La réforme approuvée en décembre par le Conseil des Etats prévoit de supprimer les juges d'instruction. Le ministère public serait à l'avenir seul responsable de l'instruction pénale.
Le modèle de la poursuite pénale unique, déjà en vigueur dans certains cantons alémaniques, n'est pas du goût des Romands. Cela les obligerait à un changement de culture important, de surcroît dans un délai relativement court, a relevé le conseiller national Carlo Sommaruga (PS/GE) vendredi devant les médias. La crainte que le suspect en fasse les frais subsiste également.
Cela n'a pas empêché la majorité de la commission des affaires juridiques d'approuver le paquet. Les compétences accrues du procureur seront compensées par un renforcement des droits de la défense. Un «avocat de la première heure» est prévu dans cette optique.
Médiation à la trappe
La médiation, qui vise à favoriser une solution librement consentie entre l'auteur d'une infraction et sa victime, a pour sa part du plomb dans l'aile.

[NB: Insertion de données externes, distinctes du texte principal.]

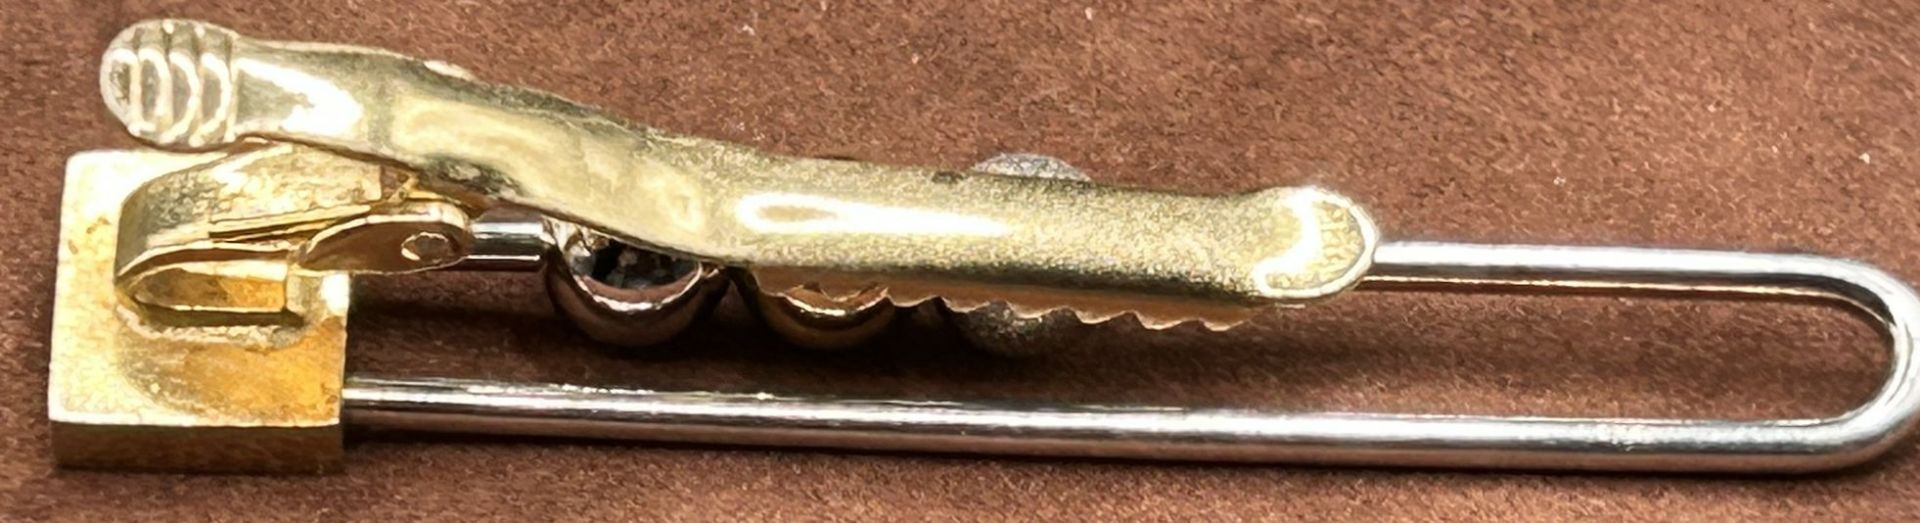 Krawattenklammer, Silber-925- mit 3 beweglichen Kugel, Klamme Metall, L-6,2 cm, 10,2 gr - Bild 4 aus 4

Le Conseil des Etats avait déjà affaibli ce volet en renvoyant la balle aux cantons.
La commission du National, soutenue par le gouvernement, propose de biffer cette disposition. Les considérations financières ont prévalu, a admis son président Daniel Vischer (Verts/ZH).
La commission a en revanche introduit un amendement en lien avec la protection des animaux. En cas de procédures dans ce cadre, l'organe cantonal compétent ou une autre autorité pourra agir.